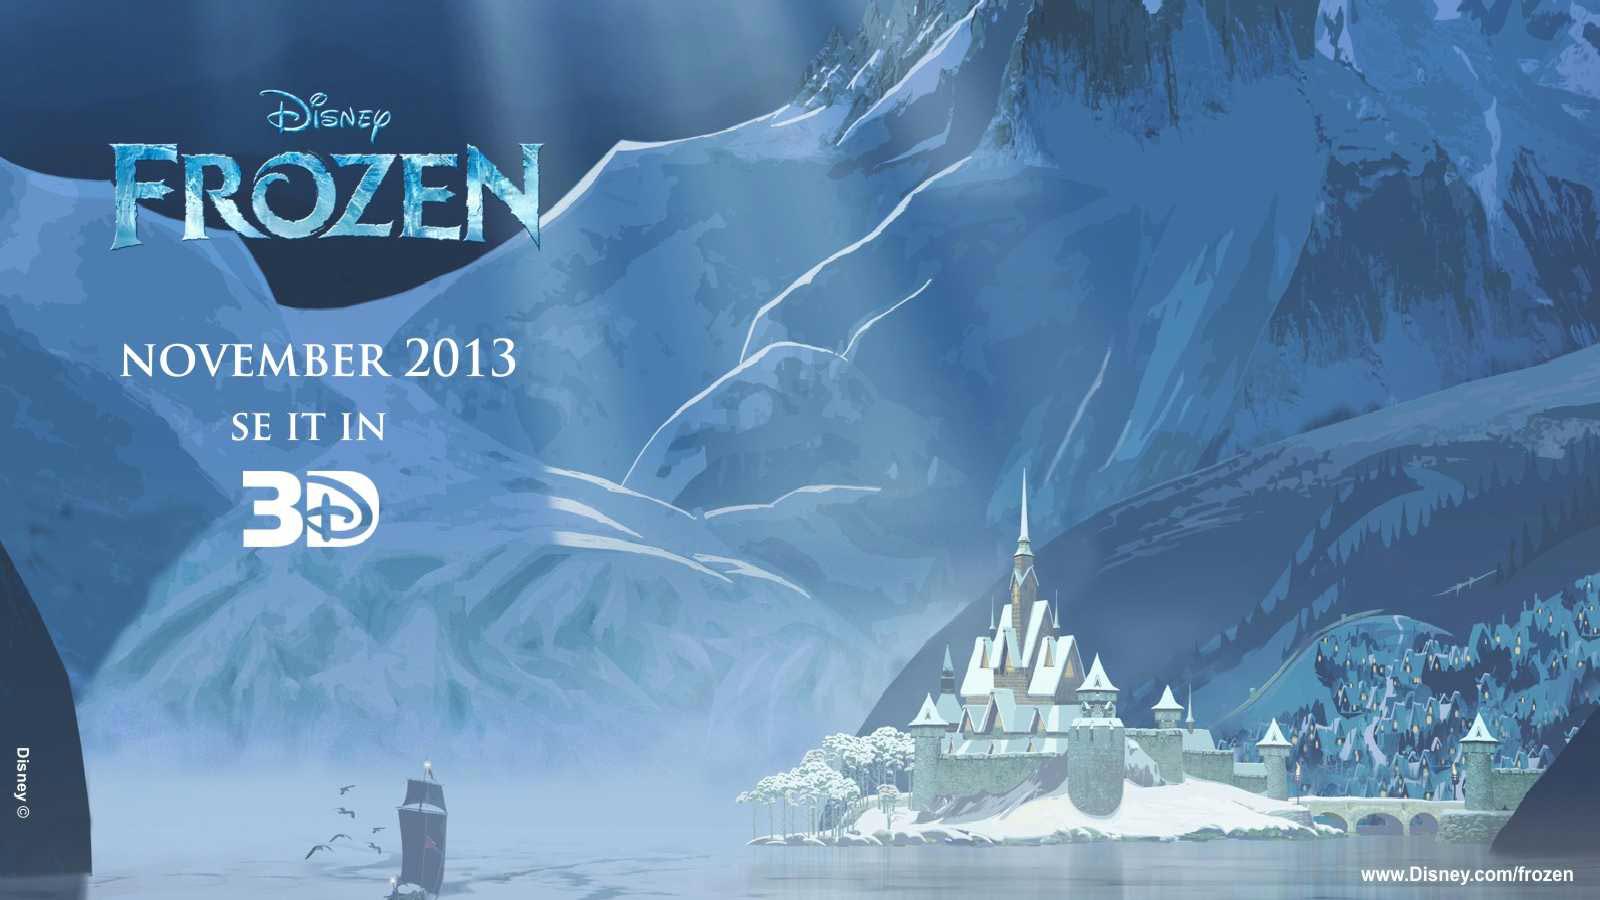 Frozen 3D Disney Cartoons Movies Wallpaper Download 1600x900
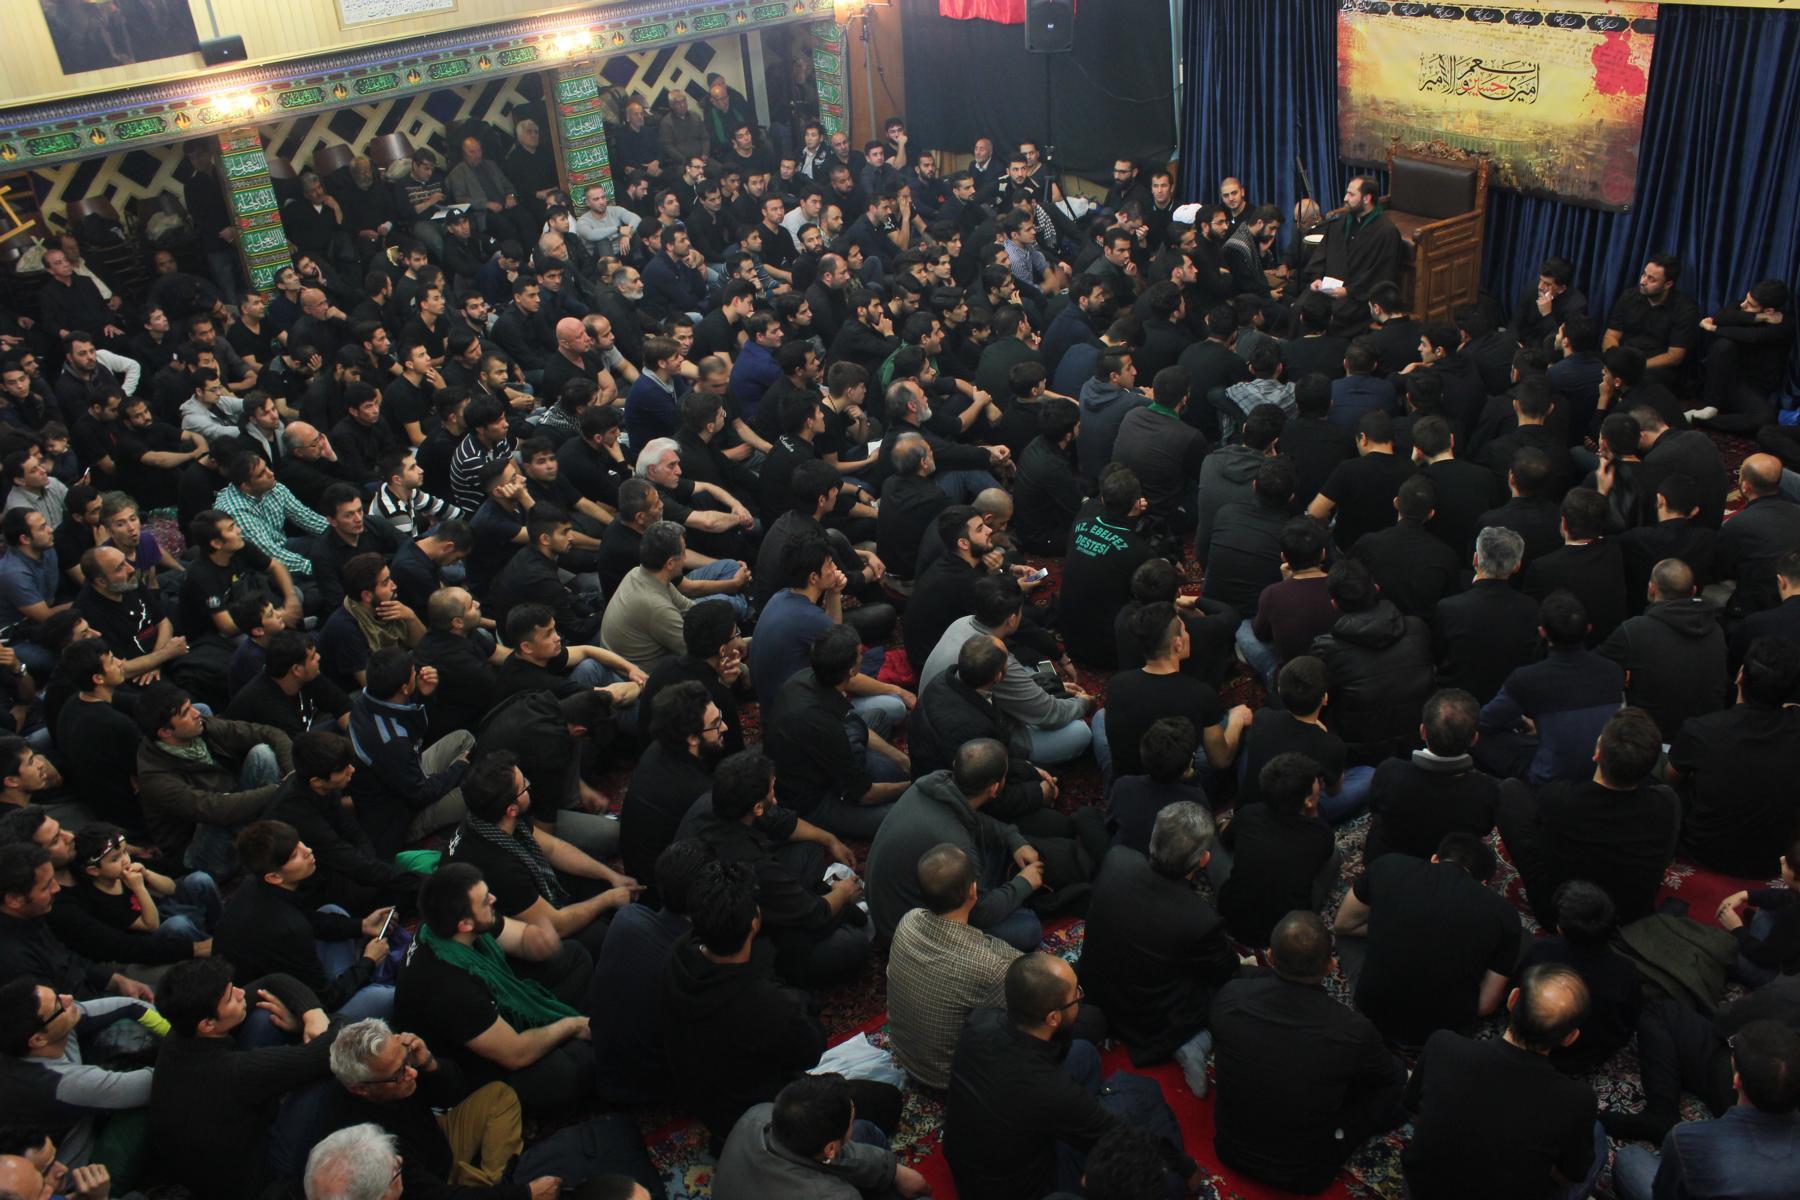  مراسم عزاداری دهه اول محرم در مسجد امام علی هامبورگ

--

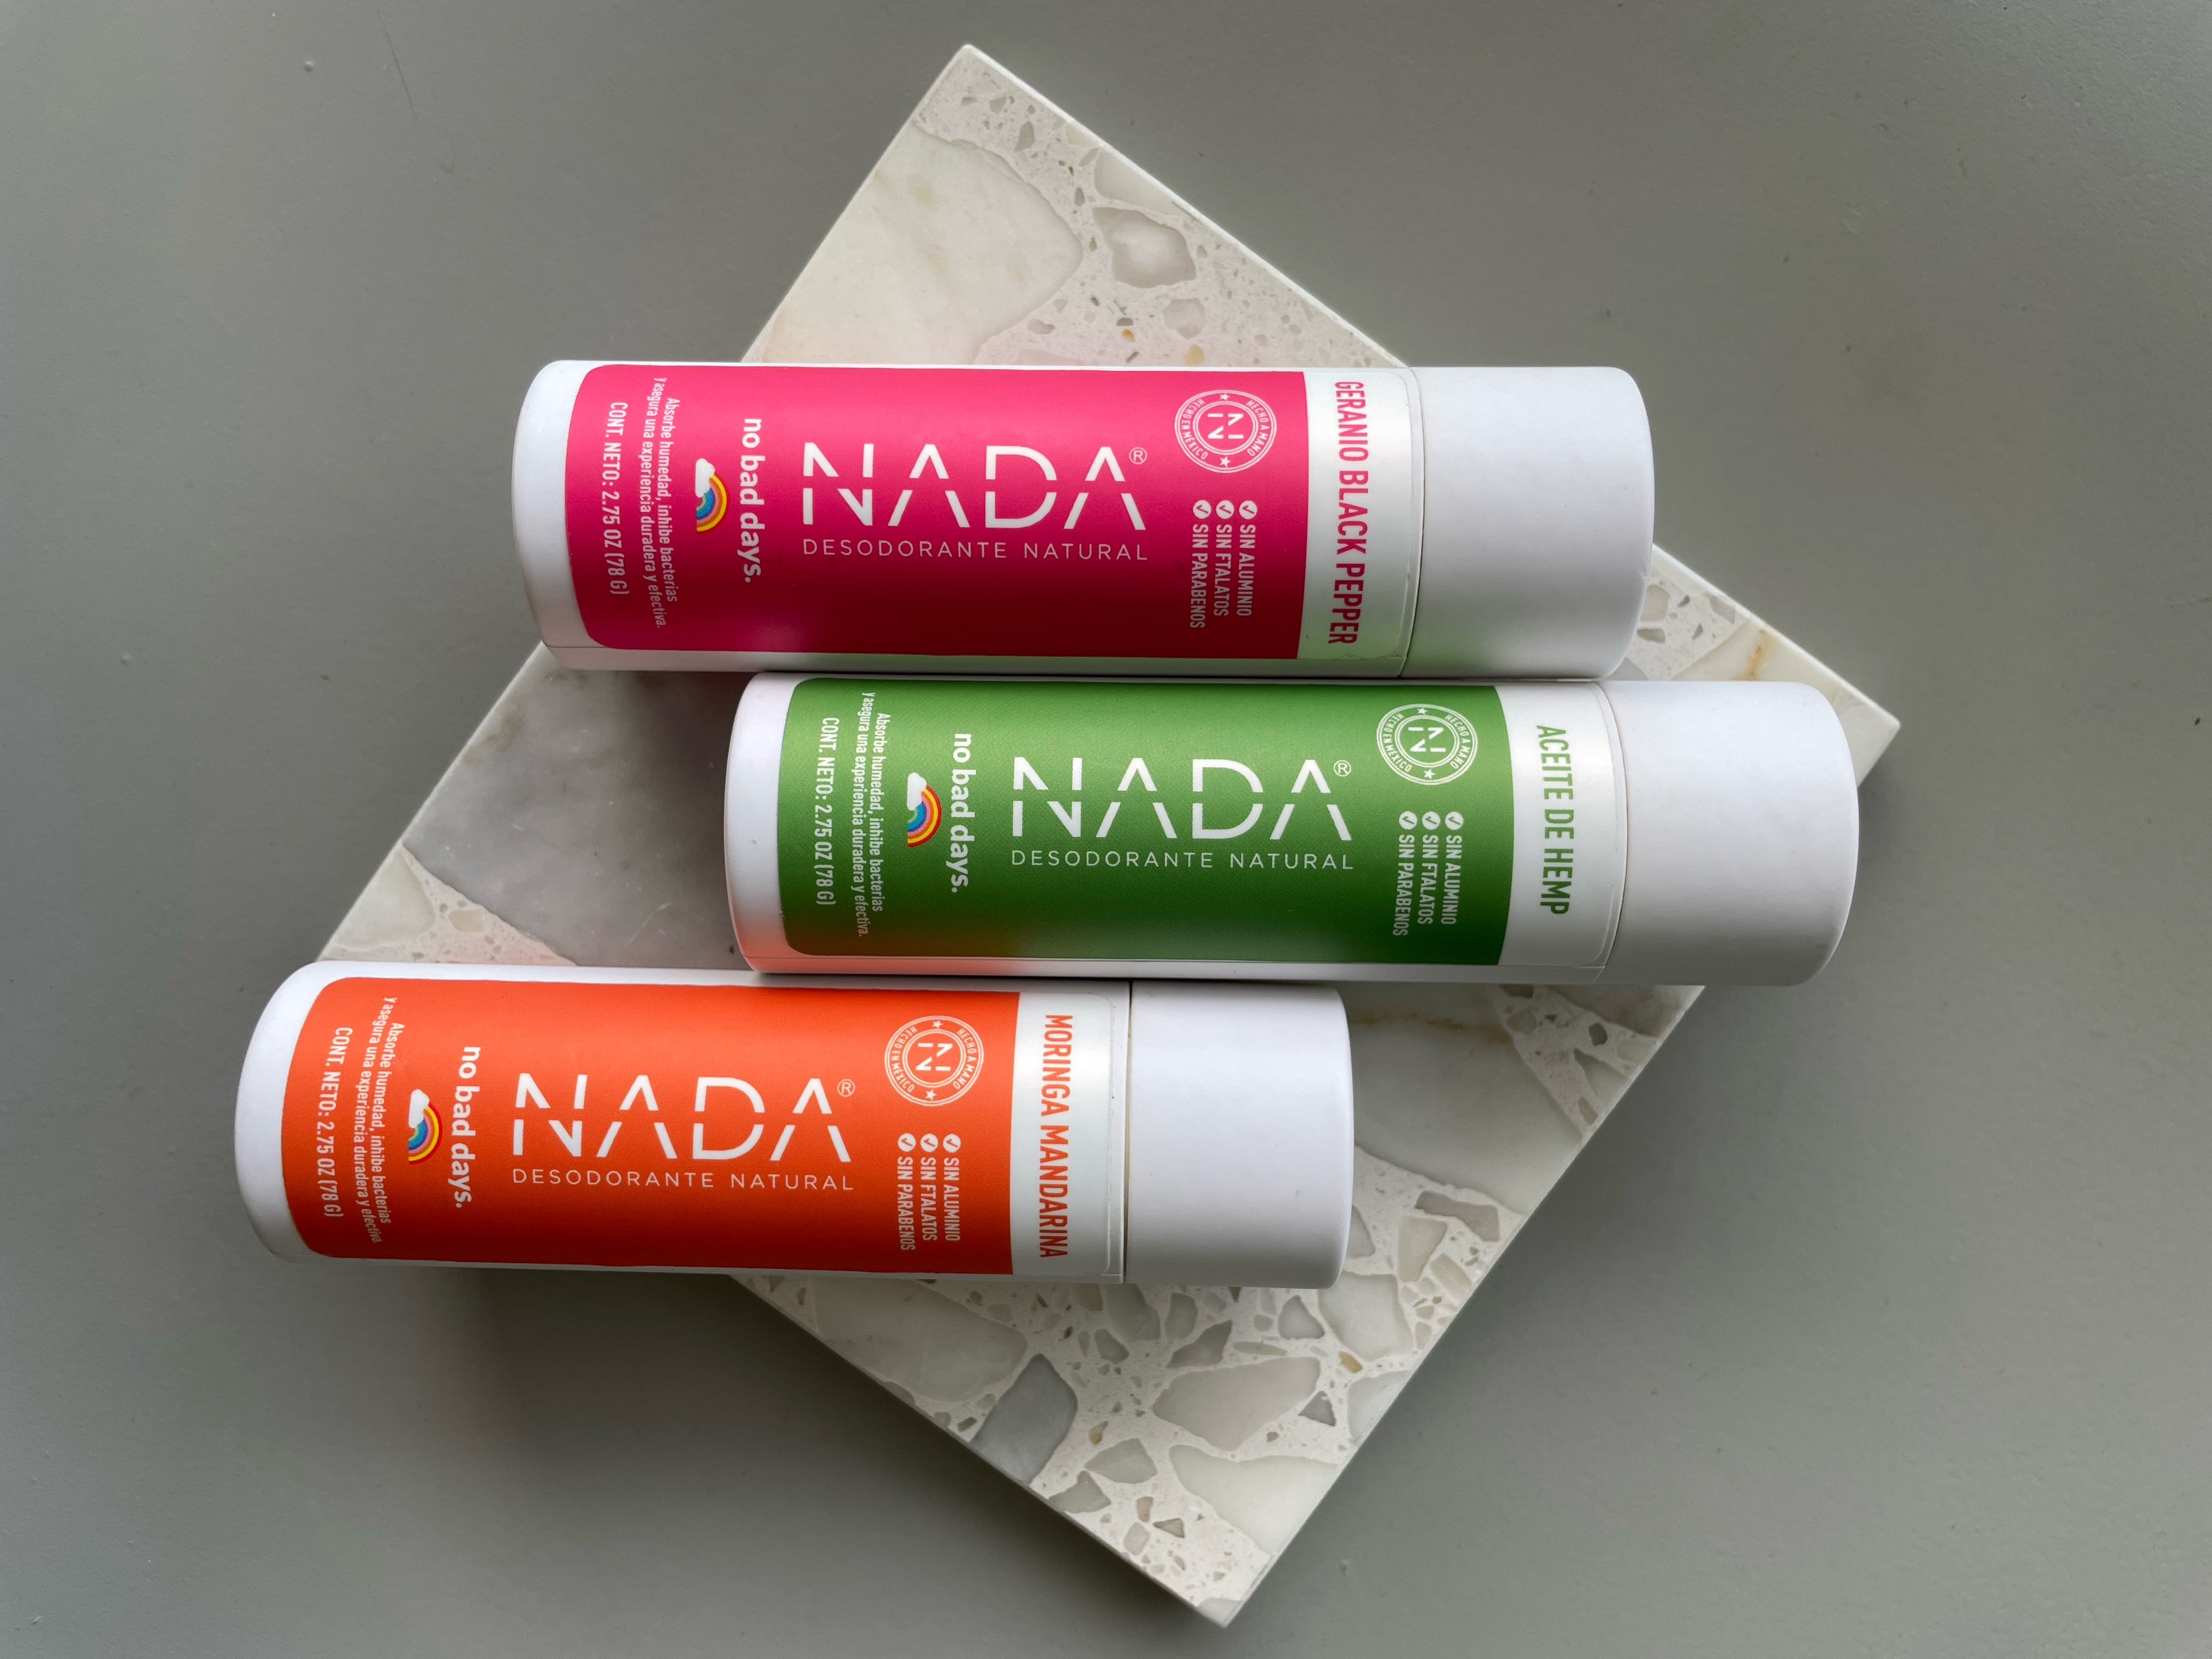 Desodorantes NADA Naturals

Try it =
In the records above, find the line with "Frozen 3D Disney" and the line with "مراسم عزاداری دهه", then restate word for word only those two lines and all lines between, omitting pictures.

Result of the exercise =
 Frozen 3D Disney Cartoons Movies Wallpaper Download 1600x900
  مراسم عزاداری دهه اول محرم در مسجد امام علی هامبورگ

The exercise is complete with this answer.